Uniloc 2017 argued that its predecessors had not granted such a license to Fortress and, even if they had, the license would not eliminate Uniloc 2017's standing. Uniloc 2017 further argued that, in any event, any license had been eliminated by a Termination Agreement executed between Uniloc 2017's predecessors and Fortress before these suits commenced. The district court granted Google's motion to dismiss, finding that a license had been granted; that the license survived the Termination Agreement; and that Uniloc 2017 therefore lacked standing. We hold that the district court erred in interpreting the Termination Agreement and in concluding there was no subject matter jurisdiction.
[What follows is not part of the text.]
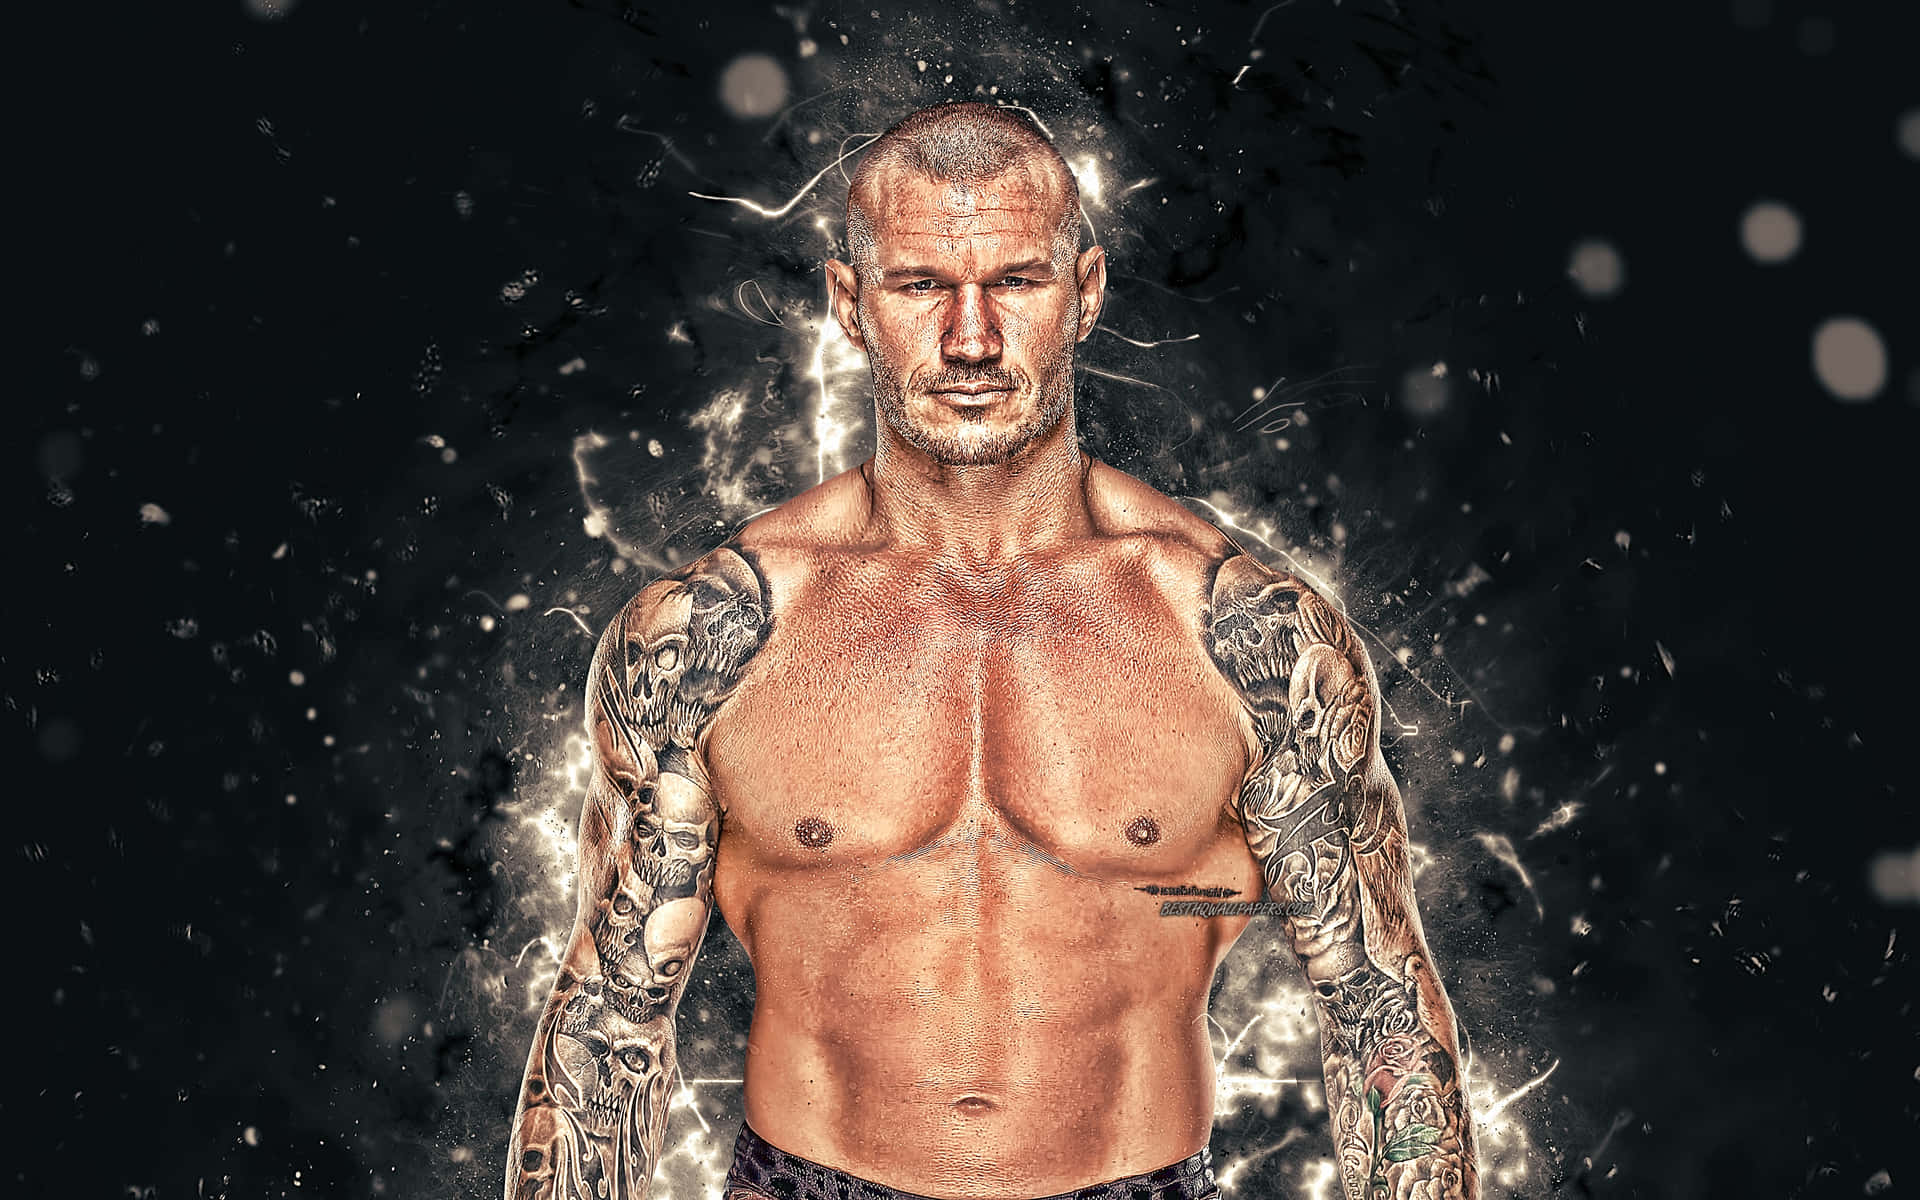 Oastro Da Wwe Randy Orton Exibindo Seu Cinturão De Campeão Como Papel De Parede Para Computador Ou Celular. Papel de Parede

We reverse and remand.
BACKGROUND
In two related appeals, we today determine that Uniloc 2017 is collaterally estopped from arguing both that Uniloc 2017's predecessors had not licensed Fortress and that Fortress's license did not deprive Uniloc 2017 of standing. Uniloc USA, Inc. v. Motorola Mobility LLC , 52 F.4th 1340 (Fed. Cir. 2022). This case presents a different issue: Whether the Termination Agreement terminated Fortress's license, and thereby restored Uniloc 2017's standing to sue, an issue as to which there is no claim of collateral estoppel.
The other appeals are Uniloc USA, Inc. v. Motorola Mobility LLC , No. 21-1555, (Fed. Cir. 2022) and Uniloc 2017 LLC v. Blackboard Inc. , No. 21-1795 (Fed. Cir. 2022).
The background of the present controversy is as follows. On December 30, 2014, Uniloc 2017's predecessors, Uniloc Luxembourg ("Uniloc Lux") and Uniloc USA (together, "the Unilocs"), entered into a Revenue Sharing and Note and Warrant Purchase Agreement ("RSA") with Fortress in connection with a loan Fortress made to the Unilocs. The RSA stated:
[T]he [Unilocs] shall grant to [Fortress], for the benefit of the Secured Parties, a non-exclusive, royalty free, license (including the right to grant sublicenses) with respect to the Patents, which shall be evidenced by, and reflected in, the Patent License Agreement. [Fortress] and the Secured Parties agree that [Fortress] shall only use such license following an Event of Default.
J.A. 593, § 2.8. In other words, Fortress would effectively obtain a license if there was an Event of Default.
There were three enumerated Events of Default, one of which was the failure "to perform or observe any of the covenants or agreements contained in Article VI." J.A. 602 § 7.1.2. One such covenant was: "As of March 31, 2017 and the last day of each fiscal quarter thereafter, the [Unilocs] shall have received at least $20,000,000 in Actual Monetization Revenues during the four fiscal quarter period ending on such date." J.A. 596 § 6.2.2.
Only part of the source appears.